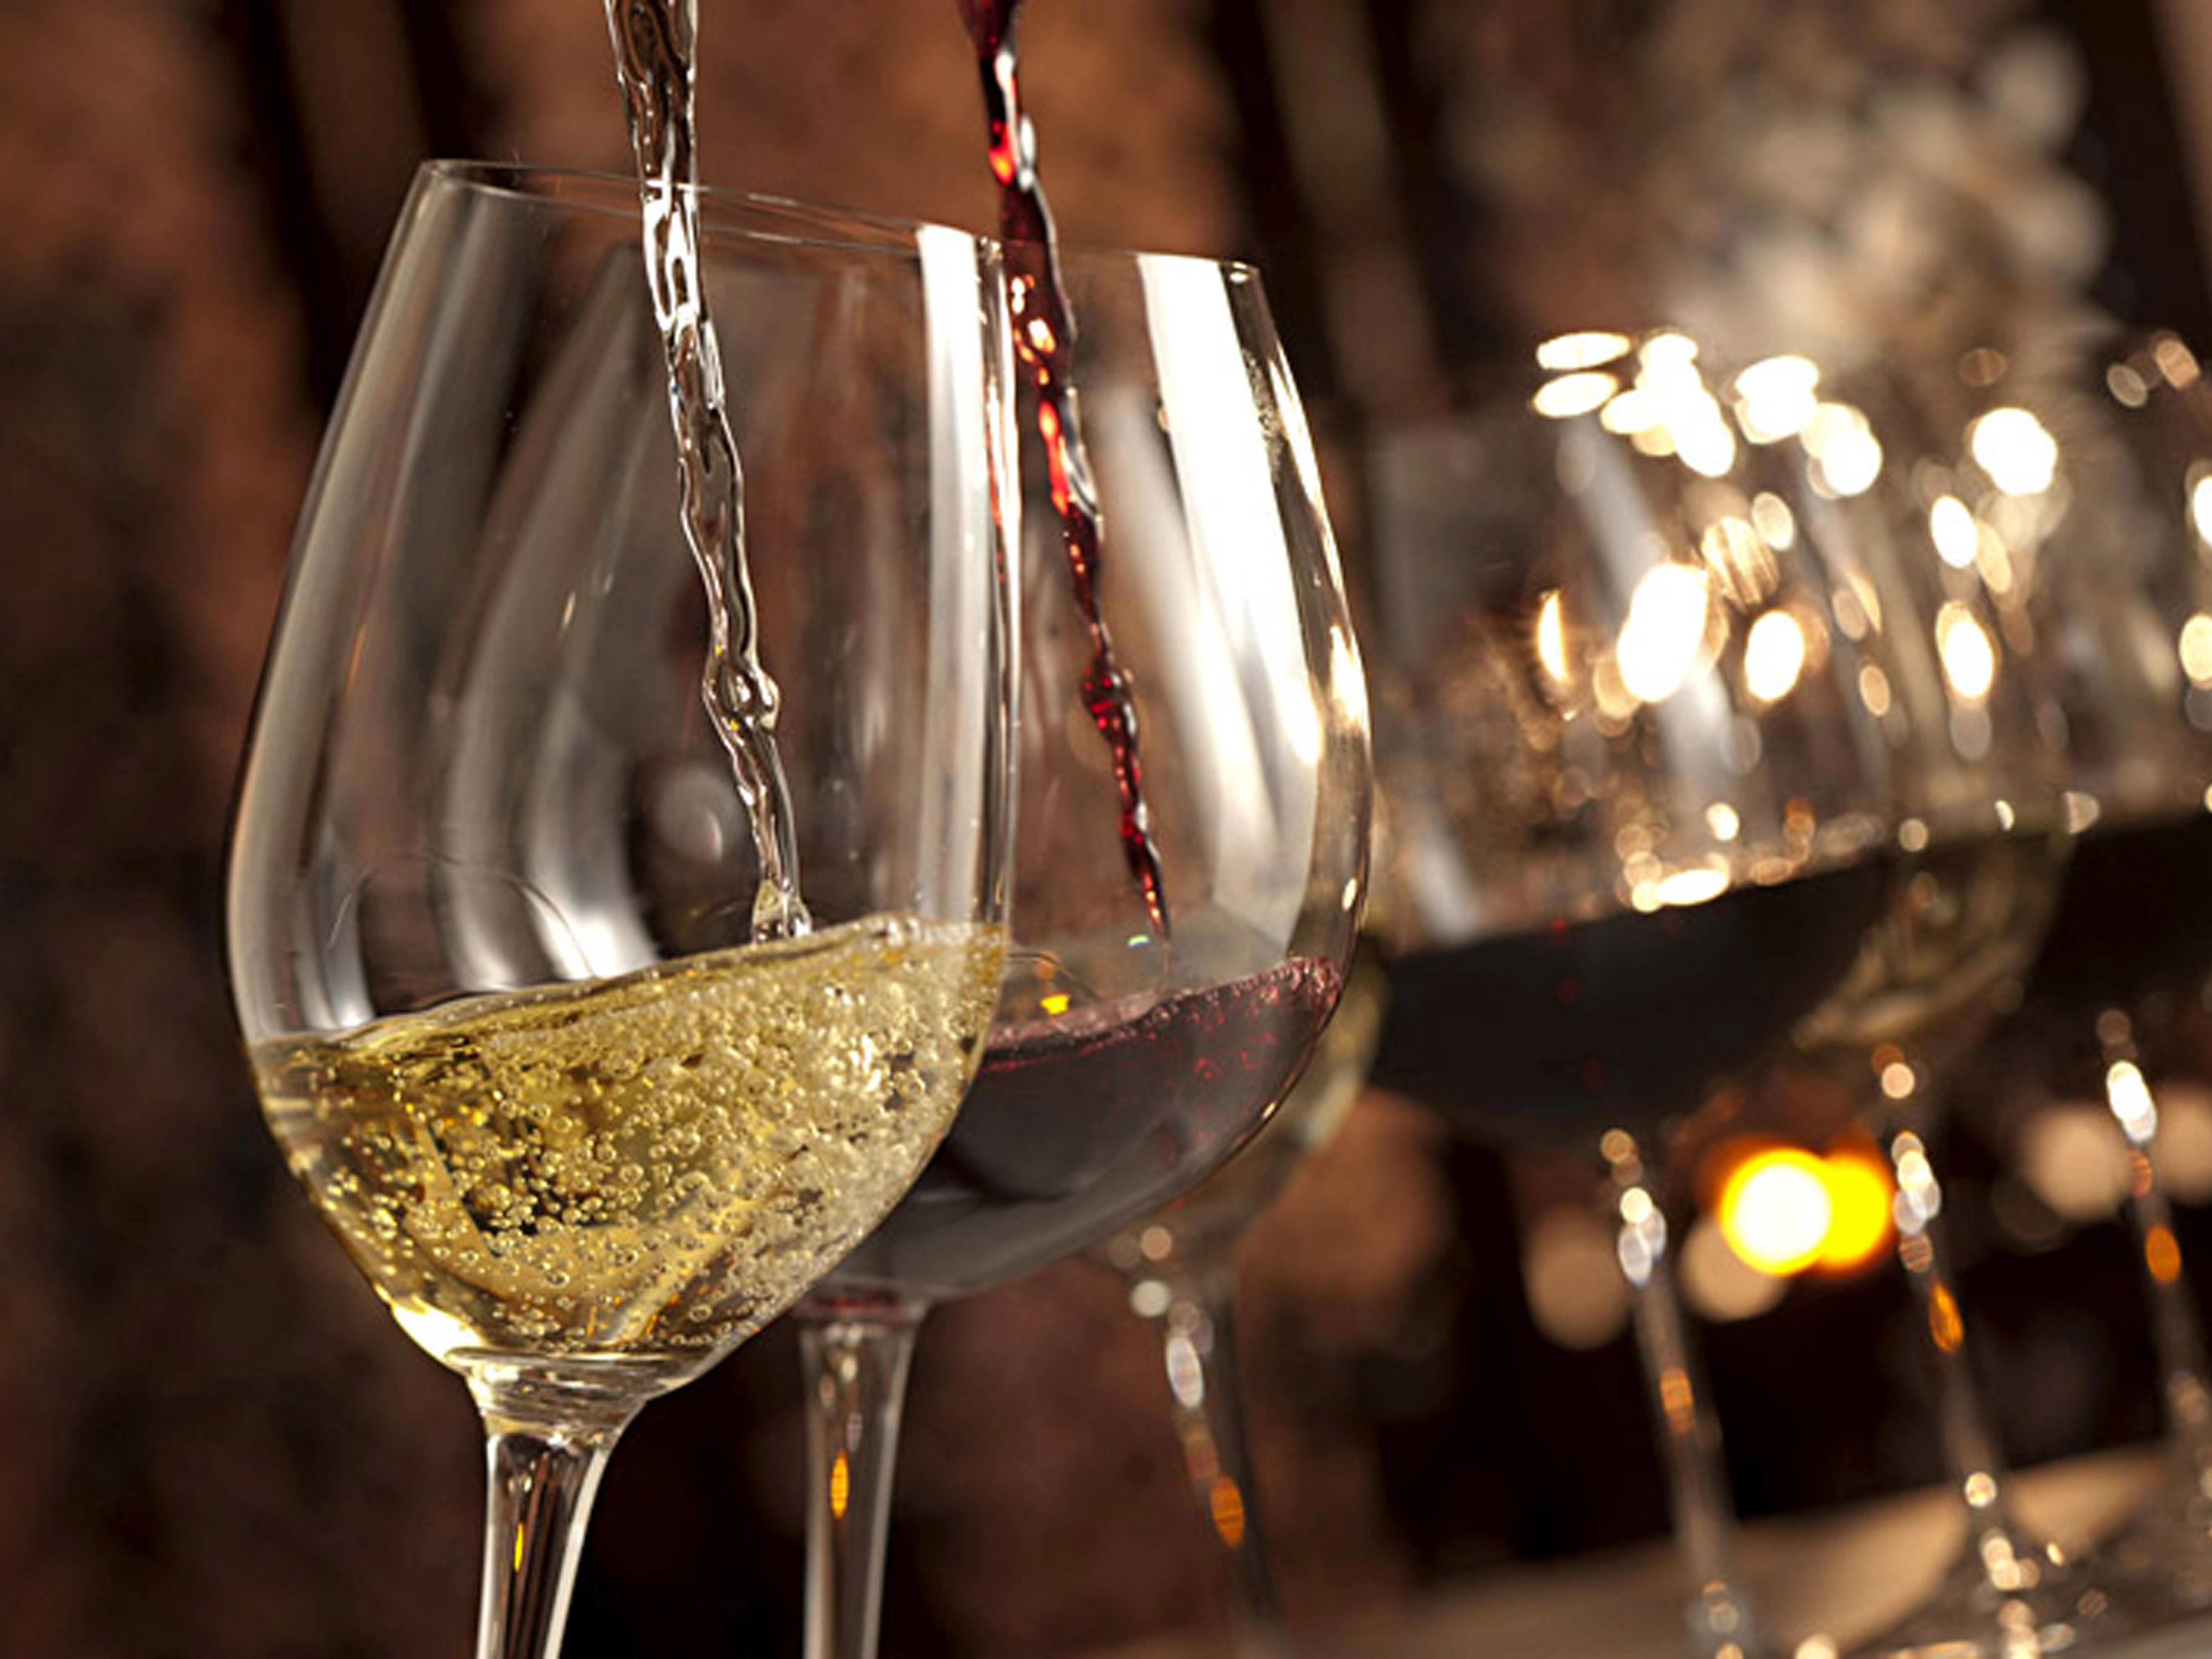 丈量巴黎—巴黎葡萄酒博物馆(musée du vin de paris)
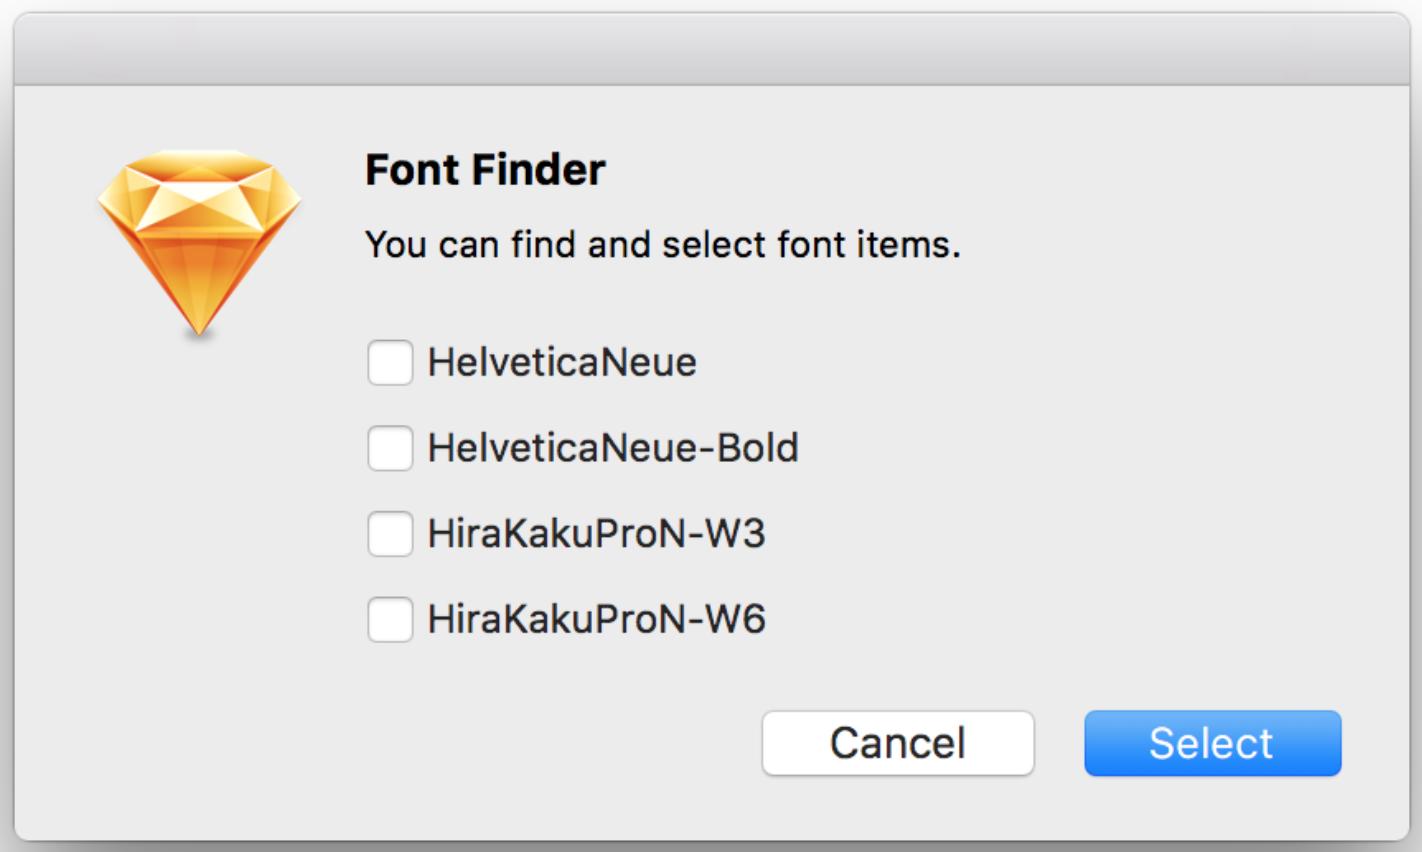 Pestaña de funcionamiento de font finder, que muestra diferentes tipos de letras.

==

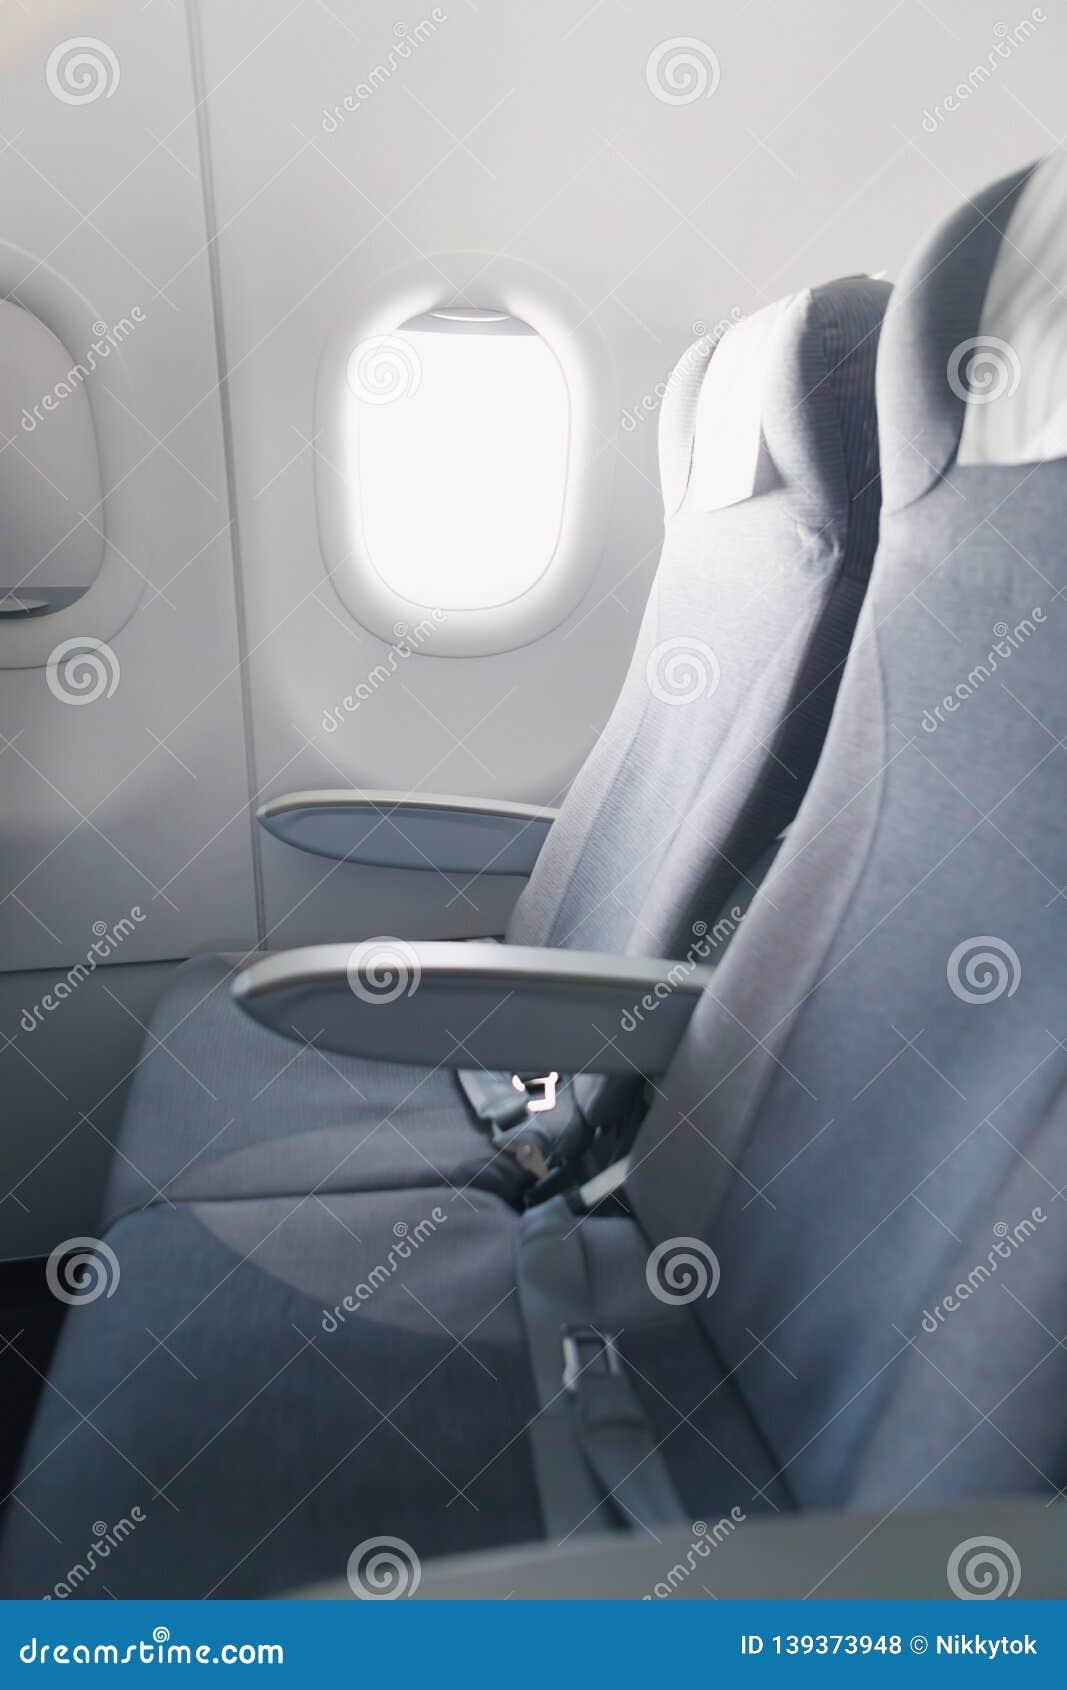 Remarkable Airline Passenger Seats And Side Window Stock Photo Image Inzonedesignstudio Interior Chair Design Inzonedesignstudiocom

--

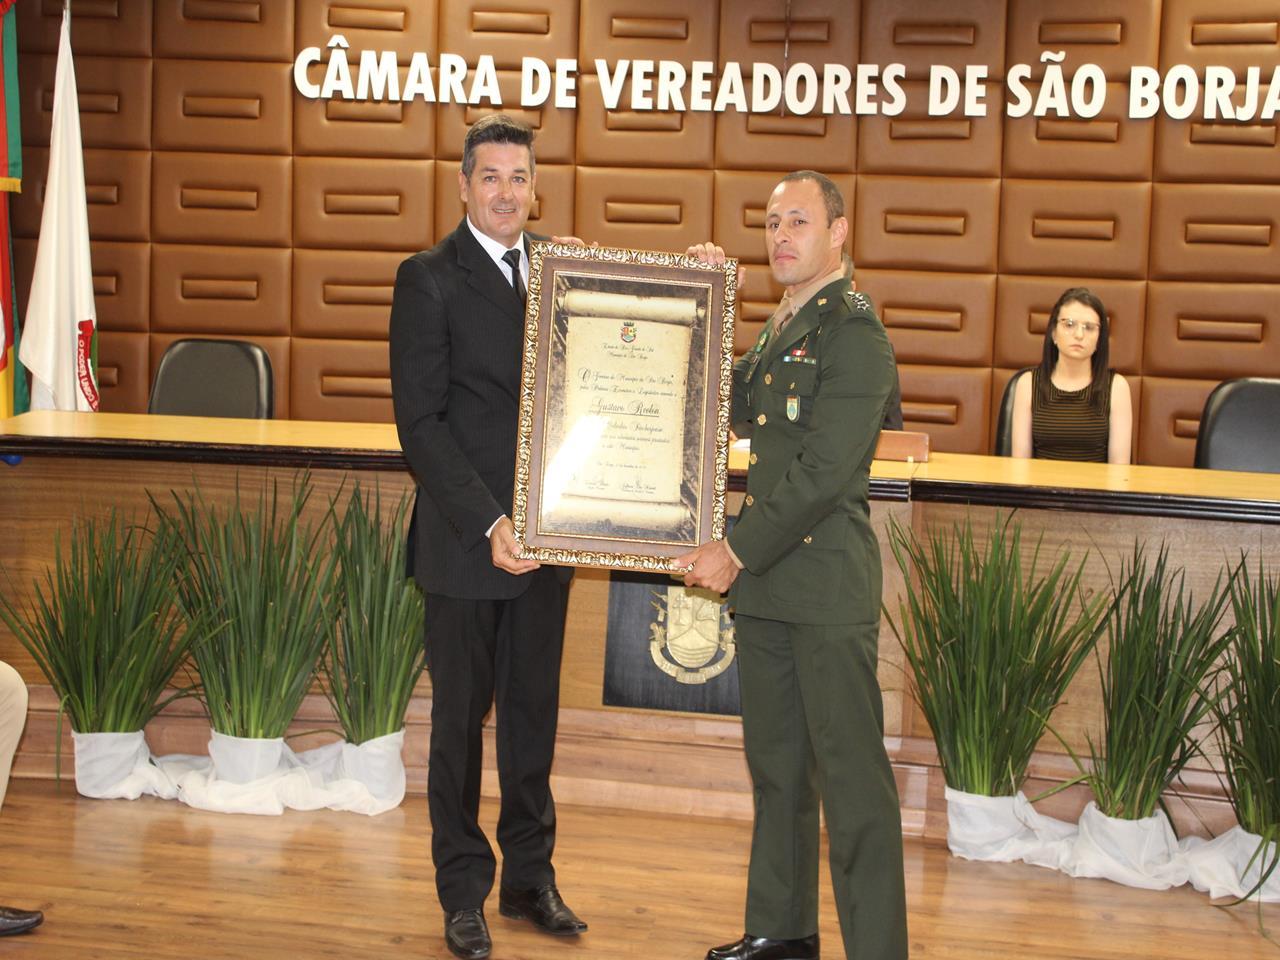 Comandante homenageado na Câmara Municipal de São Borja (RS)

Problem: The lines above starting at the one that holds "丈量巴黎—巴黎葡萄酒博物馆(musée du vin de paris)" and ending at the one that holds "Pestaña de funcionamiento" are to be written out exactly, ends included, and no pictures are to be copied.

Response to this exercise:
 丈量巴黎—巴黎葡萄酒博物馆(musée du vin de paris)
 Pestaña de funcionamiento de font finder, que muestra diferentes tipos de letras.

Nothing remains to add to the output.